Text: Artificial Intelligence: A Modern Approach, Second Edition, (Prentice-Hall, ISBN 0-13-790395-2)
Authors: Stuart Russell and Peter Norvig
This is a combined senior-level and graduate course in artificial intelligence (AI), a computational study of intelligent behavior. The focus will be on intelligent agents, which could be software agents or robots. How agents decide what to do, and how they learn from experience in the world, will be covered.
COSC 3020.
I. AGENTS:
Introduction to AI (Chapter 1)
Agents (Chapter 2)
Robots (25.1-25.2)
Multiple Agents
II. MACHINE LEARNING FOR AGENTS:
Reinforcement learning (Read 21.3, but since we are jumping ahead, don't worry if you don't understand it all. The lecture should clarify the material.)
III. DISCUSSION OF TERM PROJECT TOPICS
IV. AGENT EVALUATION, PART I:
Background: Probability (13.1-13.5)
Experimental methodology
V. SEARCH:
Search (3.1-3.3)
Uninformed search (3.4-3.7)
Informed (heuristic) search (4.1-4.2)
Hill climbing; Stochastic search (Simulated annealing, genetic algorithms) (4.3-4.6)
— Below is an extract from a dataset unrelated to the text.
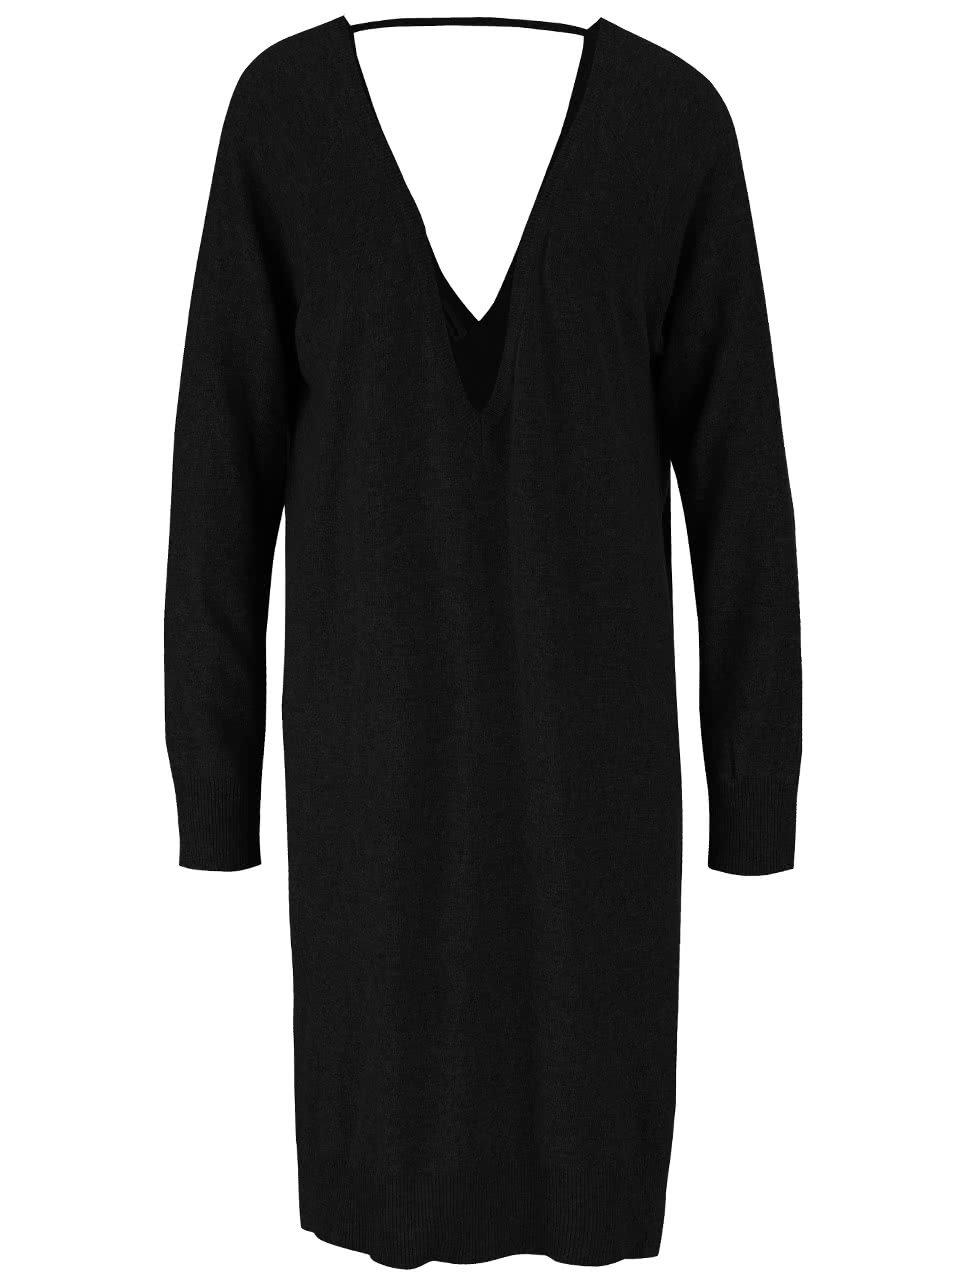 Černé svetrové volnější šaty s véčkovým výstřihem Noisy May Mena
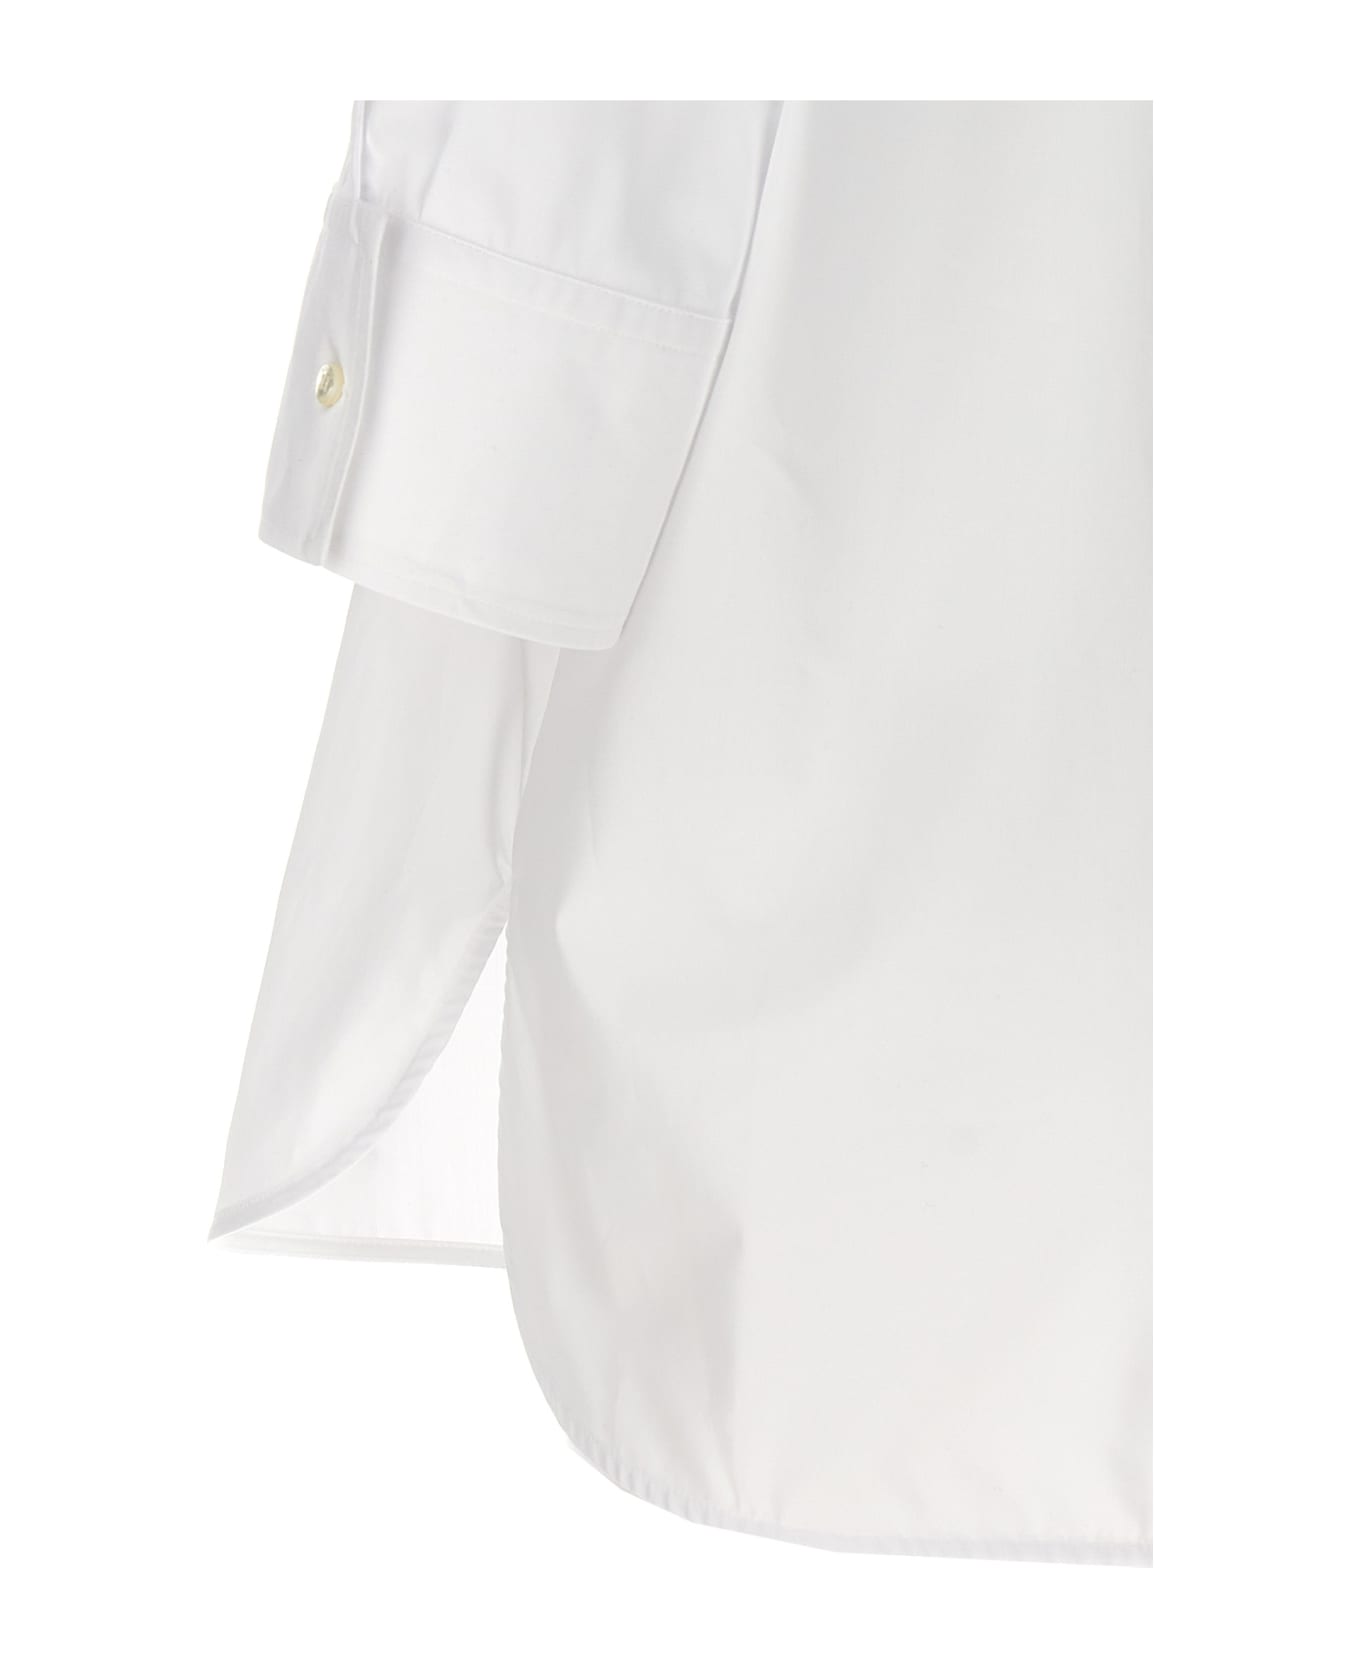 Alberto Biani Tuxedo Shirt - White ブラウス

VI. APPLICATIONS OF SEARCH:
Intro to planning.
Intro to games.
VII. STOCHASTIC MODELS:
Background: Conditional probability (13.1-13.8)
Bayesian (belief) networks (Chapter 14)
VIII. NEURAL MODELS:
Neural networks and perceptrons (20.5, but we will not cover neural network learning)
IX. AGENT EVALUATION, PART II:
Statistical significance tests
X. IF THERE IS TIME REMAINING, WE WILL DISCUSS INTERESTING TOPICS ON AI
For students who are interested in studying more about robotic and software agents, Dr. Spears also teaches another course on this topic: Modern Robots and Softbots, course syllabus.
For students who are interested in studying more about machine learning, Dr. Spears teaches a course on this topic: Machine Learning course syllabus.
One term project is required, to be done as part of a team. You need to start as early as possible and work steadily on it all semester in order to finish in time.
Term project proposals: due date TBD.
Final term project presentations and demos: due date TBD. A final writeup of the project is required. A sample writeup is a handout.
There will be multiple written and programming homework assignments, to be done individually. Late homework will lose 20% credit each class period it is late.
There will be a midterm and a final exam.
The various required work in this class will be counted towards your final grade as follows:
Term project - 35%
Written homework - 20%
Midterm exam - 20%
Final exam - 25%
Grading will be on a curve. Work is due at the beginning of class, and late work is accepted for a few days, or until a solution is distributed, at a substantial reduction in credit (see above). Returned work should be kept for verification of records.
The professor reserves the right to alter the grading scheme or to take extenuating circumstances into account when assigning grades. Discussion of the course material among students is encouraged, although students are expected to write up their own assignments and programs. Copying code, homework solutions, or exam material from any source at all (unless explicitly permitted by the instructor) will most likely result in failing the course. Academic dishonesty will be treated in accordance with the strictest university standards. Students are urged to read University regulation 803 , section 3 defines academic dishonesty.